Bone Dance
- First paperback edition
- Author: Emma Bull
- Cover artist: Jean Targete
- Language: English
- Genre: Fantasy, science fiction
- Publisher: Ace Books
- Publication date: May 1991
- Publication place: United States
- Media type: Print (paperback)
- Pages: 278 pp (first edition, paperbound)
- ISBN: 0-441-57457-2
- OCLC: 23612899

= Bone Dance =

1991 fantasy novel by Emma Bull

Bone Dance is a 1991 novel by American writer Emma Bull, described variously as fantasy, hard science fiction and cyberpunk. It was nominated for the Hugo, Nebula and World Fantasy Awards in 1992.

==Setting==
Although the city in which Bone Dance is set is not named, it appears to be a climate-modified Minneapolis, the author's setting for her first novel, War for the Oaks. The novel features references to Tarot (each of ten sections is named for a card) and Louisiana Voodoo. It is subtitled "A Fantasy for Technophiles" and the central place of devices generally, and electronics specifically, justifies that label. Since the time is a post-nuclear-clash future following a war between the Americas, North and South, skill at maintaining and repairing salvaged artifacts is valuable. So are pre-collapse artifacts themselves. Sparrow, the point-of-view character, makes a living by bartering such skill, along with occasional sales of scavenged artifacts. Sparrow is a bioengineered human, though that case is not plainly stated until half-way through the story.

==Plot summary==
In a brief opening scene, Sparrow sells a rare videotape to a wealthy collector. In the scene that follows, we suddenly find Sparrow waking in a confusing place with new injuries and no memory of the preceding 36 hours. On the way to enlightenment we meet many of Sparrow's friends and experience the Night Market, a large section of the city only open during darkness, ruled by "The Deal": everything is transactional. After a cryptic Tarot reading from friend Sherrea, abduction by a dead man animated by what might as well be a Loa, and introduction to a Vodun-based community that is dedicated to replacing, by coup if necessary, the status quo in the city. That includes the man most responsible for the inter-continental war, now at the city's power apex, a character who is also the revenge target of another survivor from his kind. Those are the "Horsemen", modified people who can move their consciousness from body to body.

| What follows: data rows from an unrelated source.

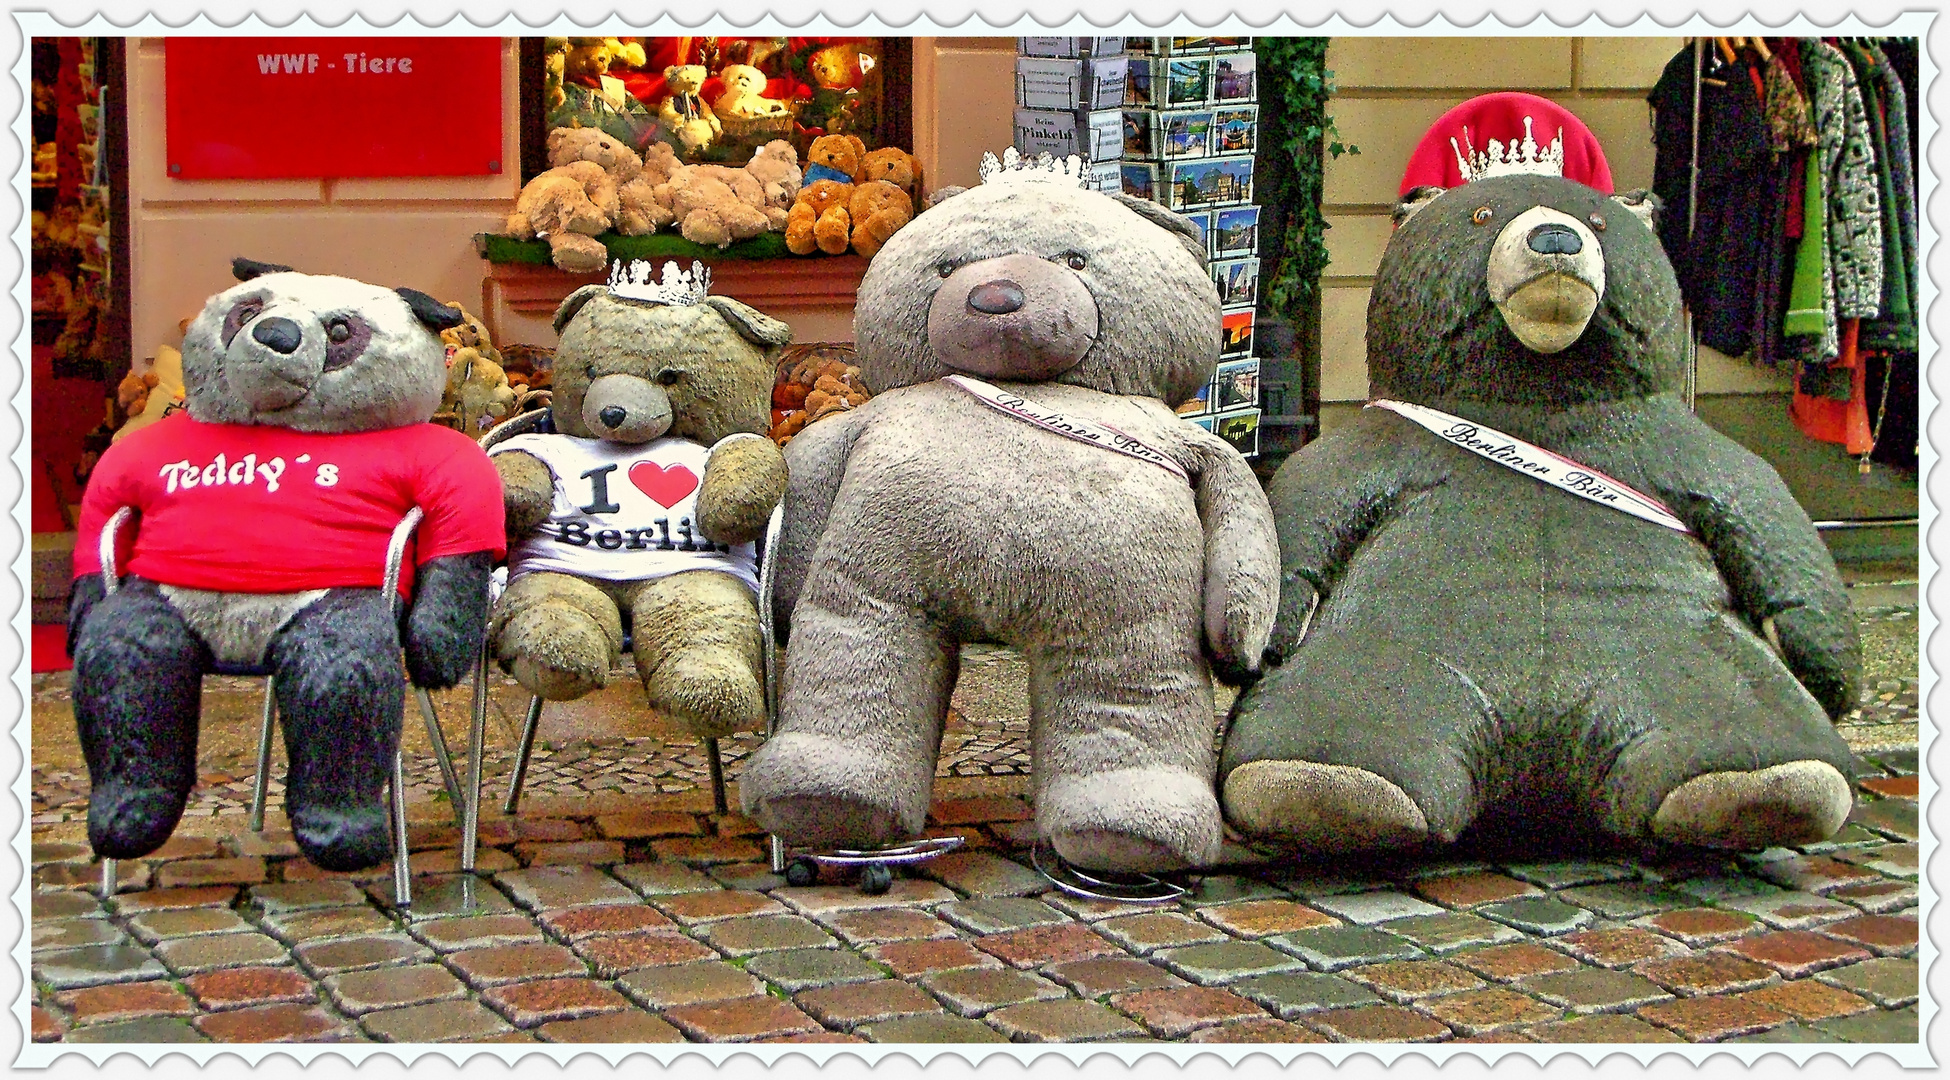 Das gemütliche Berliner Bären-Quartett
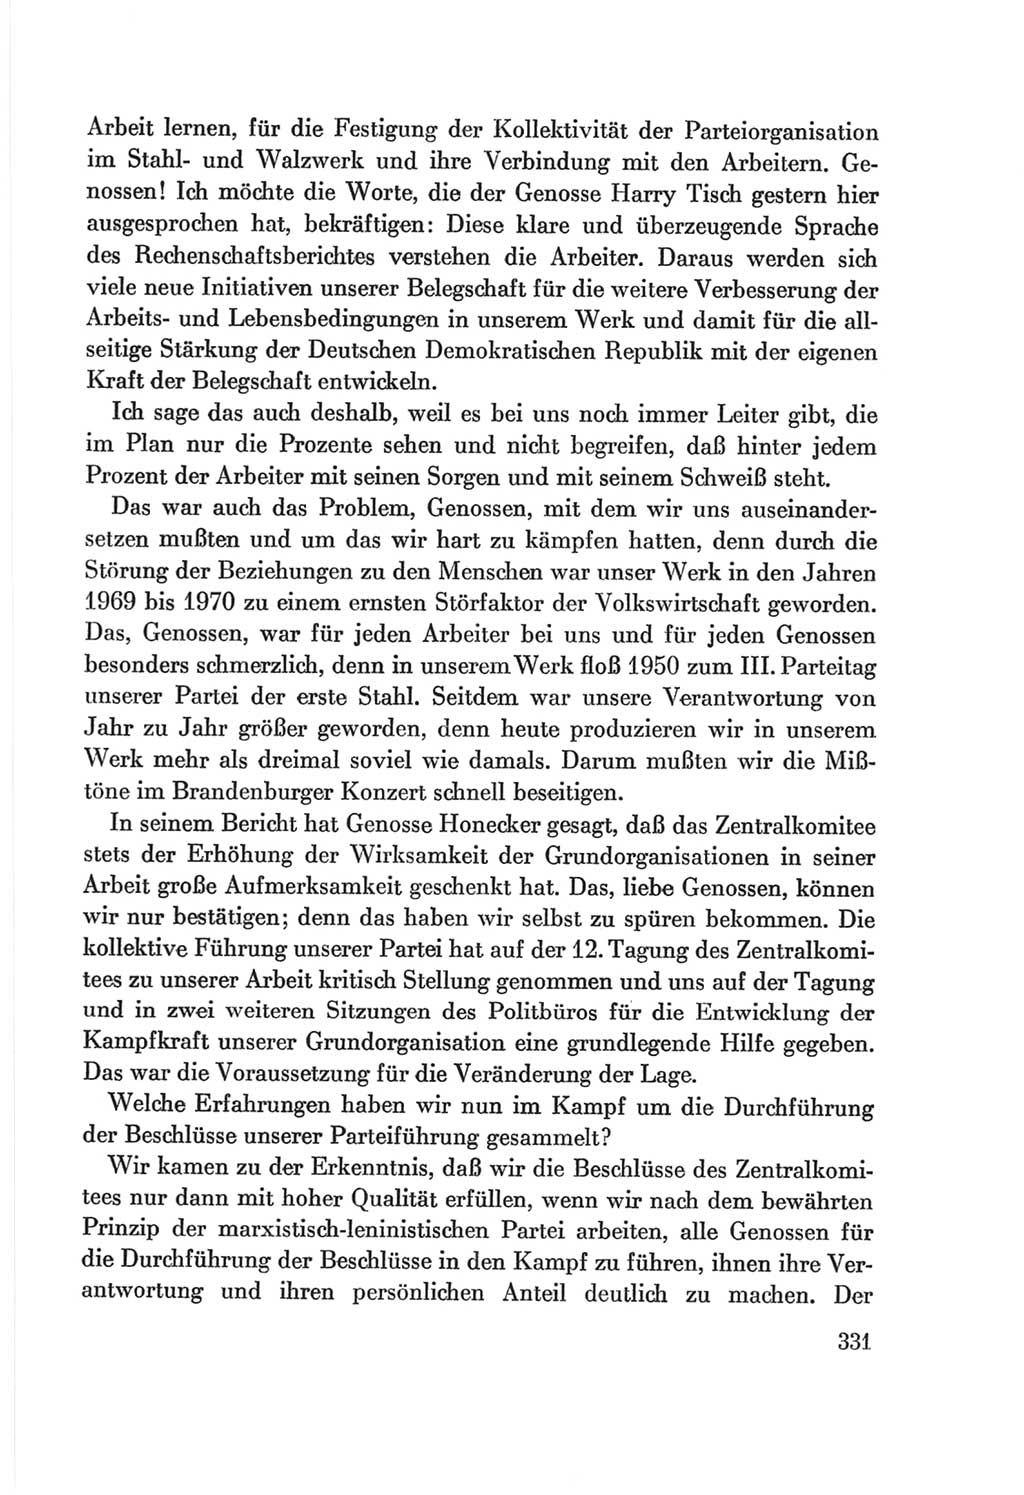 Protokoll der Verhandlungen des Ⅷ. Parteitages der Sozialistischen Einheitspartei Deutschlands (SED) [Deutsche Demokratische Republik (DDR)] 1971, Band 1, Seite 331 (Prot. Verh. Ⅷ. PT SED DDR 1971, Bd. 1, S. 331)
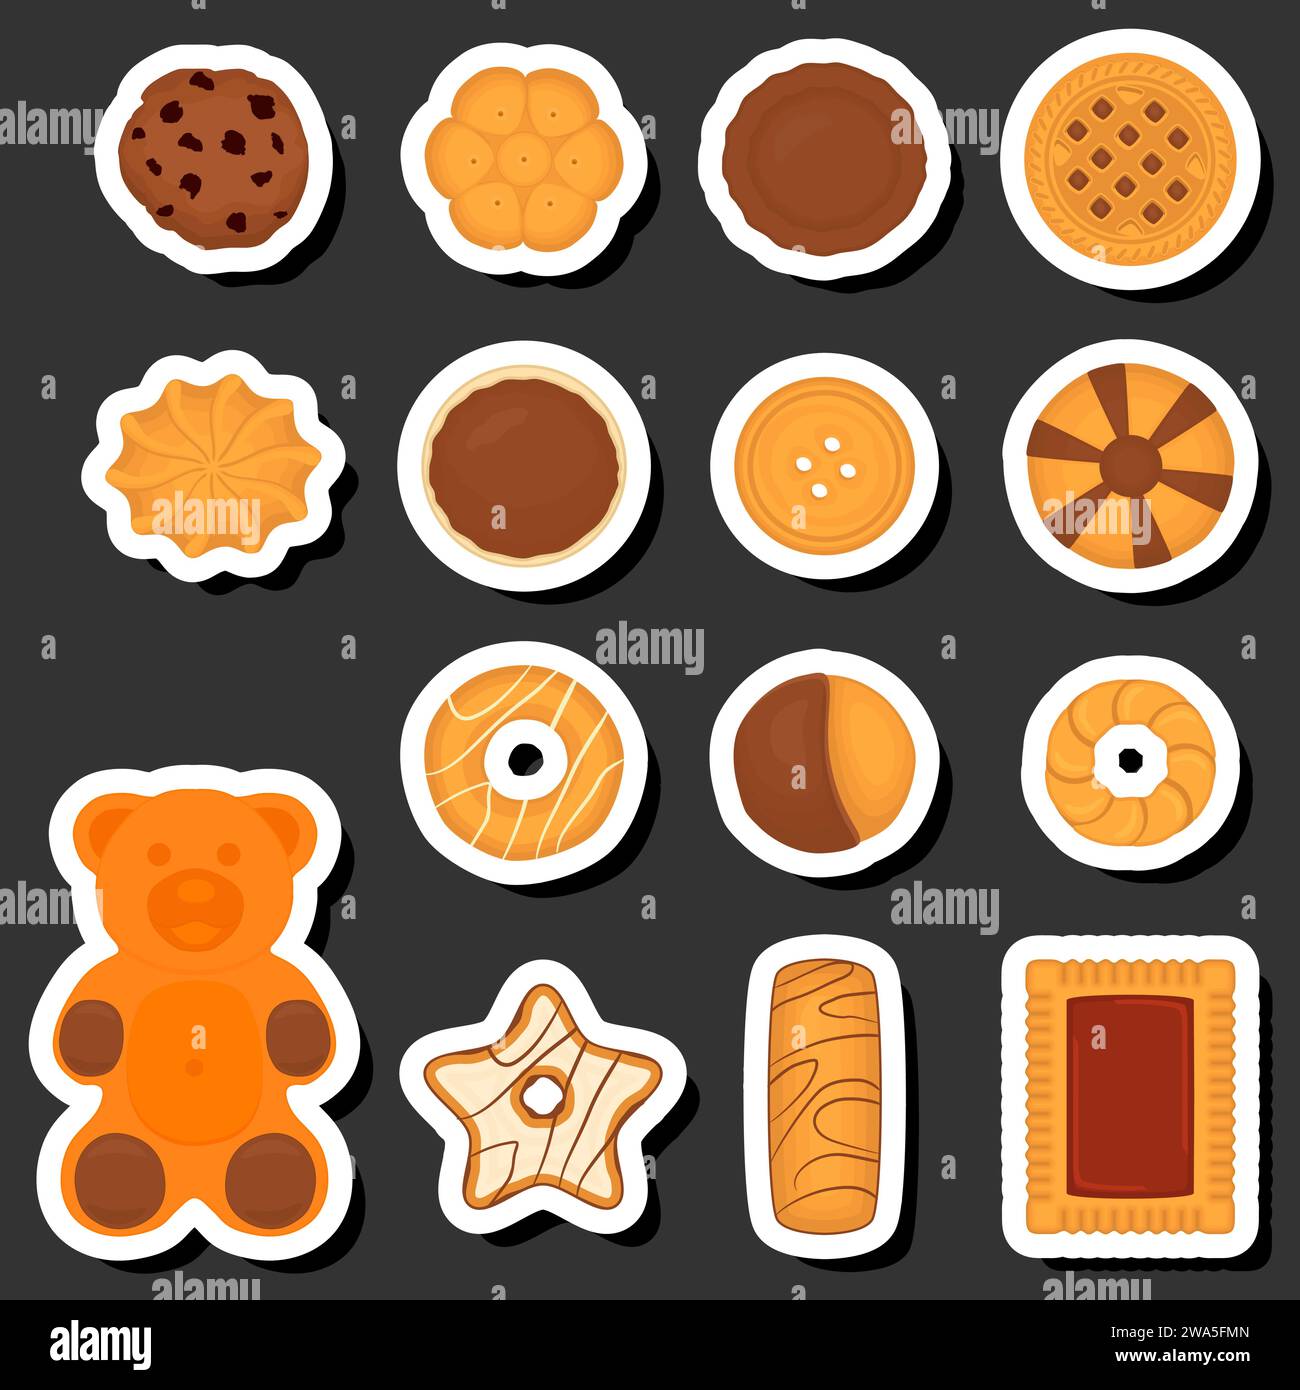 Illustrazione a tema: Biscotti freschi, dolci e gustosi, composti da vari ingredienti, biscotti di diversi alimenti commestibili, biscotti di design questo pasto fresco per re Illustrazione Vettoriale

The second half of the story shows Sparrow's awkward progress toward a fully human condition and becoming a valued member of a community, and is capped by a closing conceit: that the whole telling has been an autobiography.

==Reception==
Bone Dance is regarded by scholars as defying genre and gender conventions: its setting blends fantasy with hard science fiction, while its protagonist blurs gender boundaries. Academic Veronica Hollinger termed the book "a feminist revision of 1980s cyberpunk", noting that its hard-boiled tone shared similarities to William Gibson's Neuromancer. The novel employs cyberpunk motifs such as mind control and genetic engineering to explore themes of gender identity. The construction of Sparrow's self-identity was described by academic Jane Donawerth as reminiscent of Mary Shelley's Frankenstein.

Bone Dance was nominated for numerous awards, including the Hugo, Locus, Nebula and World Fantasy Awards, and received a special citation at the Philip K. Dick Award.